My diary I had destroyed. Not because I was ashamed of it. One thing was true. The person who wrote my diary was a gossip - petty, emotional and reactive. But I had never thought of that person as the real me. That person had fulfilled a outlet, but was not the whole person, least of all the most honest expression. I don't know if I had changed. I felt I had just drifted forward.

When I had first started my diary I had had juvenile dreams of it (once I became famous) being stumbled upon. Read by others for interest in what experiences had shaped my early life. In reality the content was pretty boring. I was proud. Too proud to be remembered for that. I wanted to be remembered for the good things.


She told me about the time she had overdosed. I tried to imagine what it would taste like. Painkillers crumbling on the tongue; a synthetic white dust. It must be a sticky, bitter taste. Rolling around a paracetamol tablet in the mouth, slimy powder, anxious and knotted. A familiar hint of worry and suffering. Like the nervousness before an exam - knotted stomach, nauseous illness.

I imagined her lying in her bedroom vomiting and fainting. Her sandals slip off her feet and onto the cheap, brown student carpet.

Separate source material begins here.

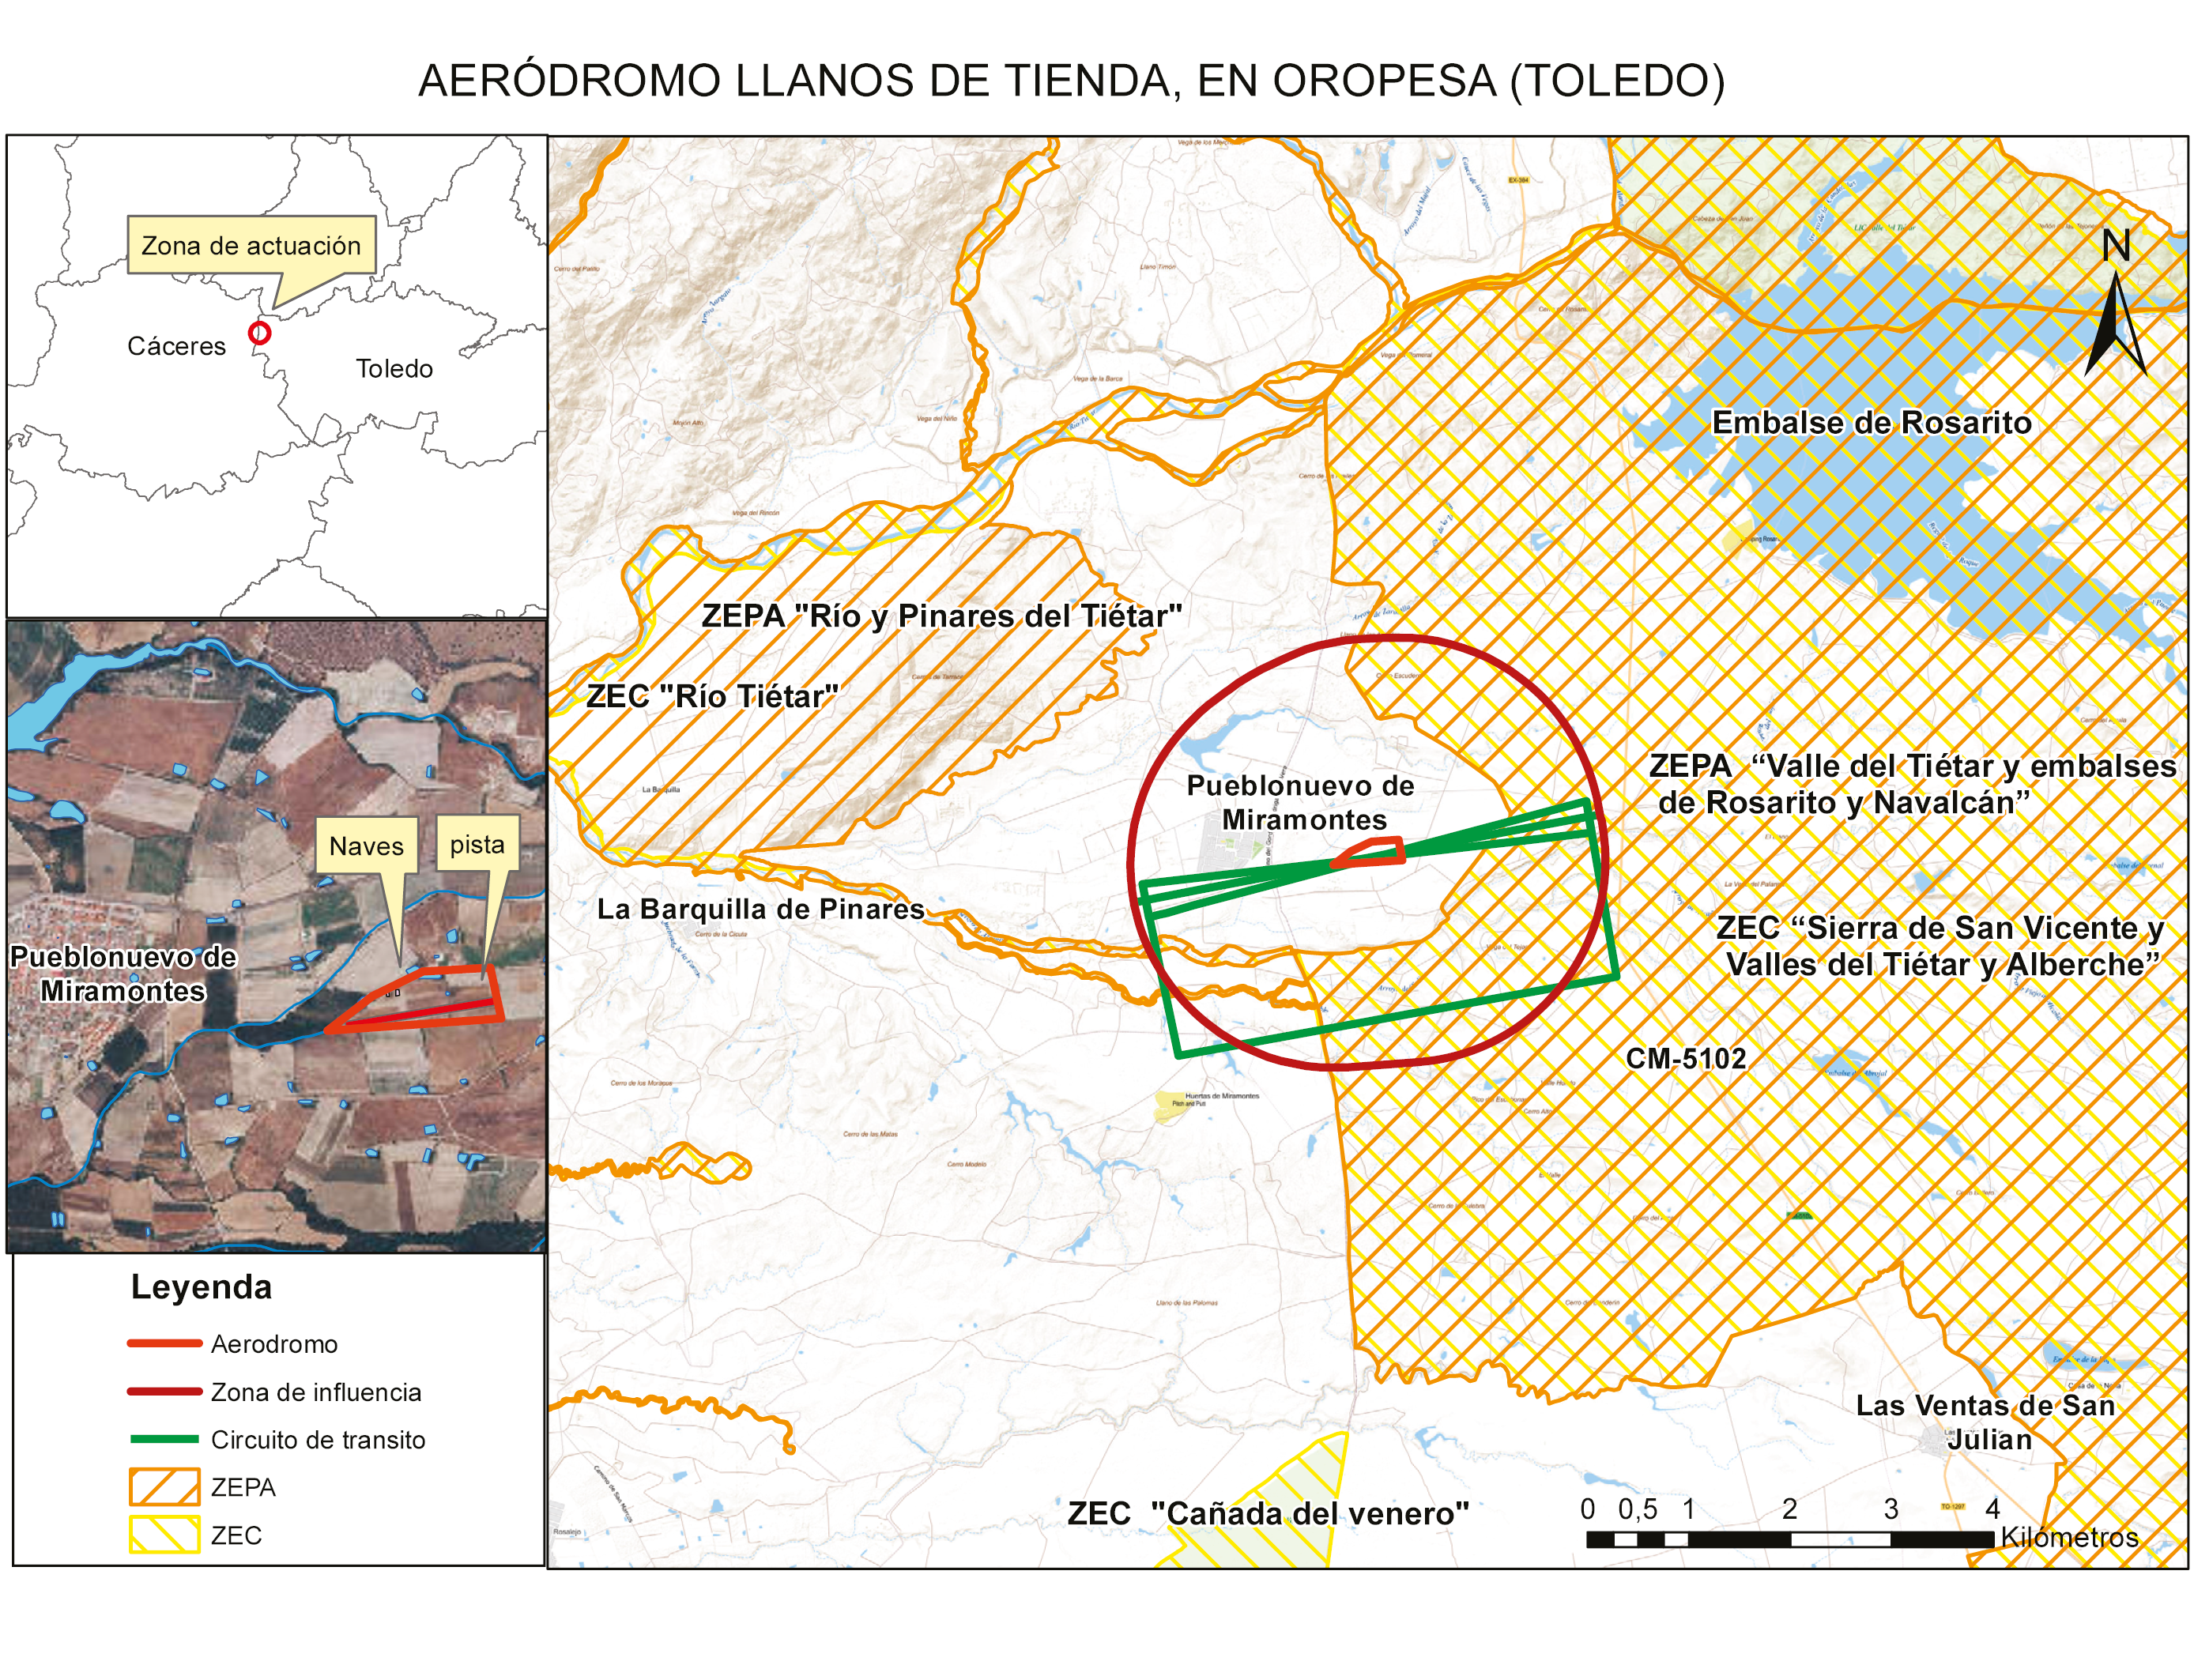 Aeródromo Llanos de Tienda, en Oropesa (Toledo). Pueblonuevo de Miramontes

Like a silent movie. I imagined one of her flatmates knocking on the door, finding her choking on the floor, and calling the emergency services. I imagined the quiet panic and the sense of danger and loss.

She told me something explicitly. That the cheating ex boyfriend hadn't come to visit her in hospital. This was something she could not believe. "How could he not come and see me?" She had said. I had cringed. I knew I would not have visited her. On that rocking warm bus by the sea I had closed my doors to that currency. Shame. The taste of that white power she had so readily consumed. She had had so much to spend and no one to pay. Not even me.

Worse. He was happier now. Had a super hot girlfriend and a good job, had graduated first class.

Back on that bus how I had wished for painkillers. How I would have longed for that taste. For all future hangovers. Painkillers readily available by the bedside and a cold glass of water. I was as bad as him. A dog. I would not learn. I would be stoned in public. I would walk out the next day and try to smile.

I remembered she had spoken something to me that day, as I had asked around for paracetamol.

"Painkillers are bad for you." She had said. "Taking them builds up a resistance, a dependency. Suffering is always a better approach. If you can do without the painkillers you should."

I still liked her even when she was being spiteful. And I think she really had cared for me. But I gave no reassurance to her dark kernel. To her I was still the young boy who had never accepted his shame. She believed punishment was required for reward - and would hurt herself to get what she wanted. She would never admit I had rescued her sandle from the pond because I hadn't deserved to. When a person hates the good that happens to bad people, they question themselves when bad happens to them.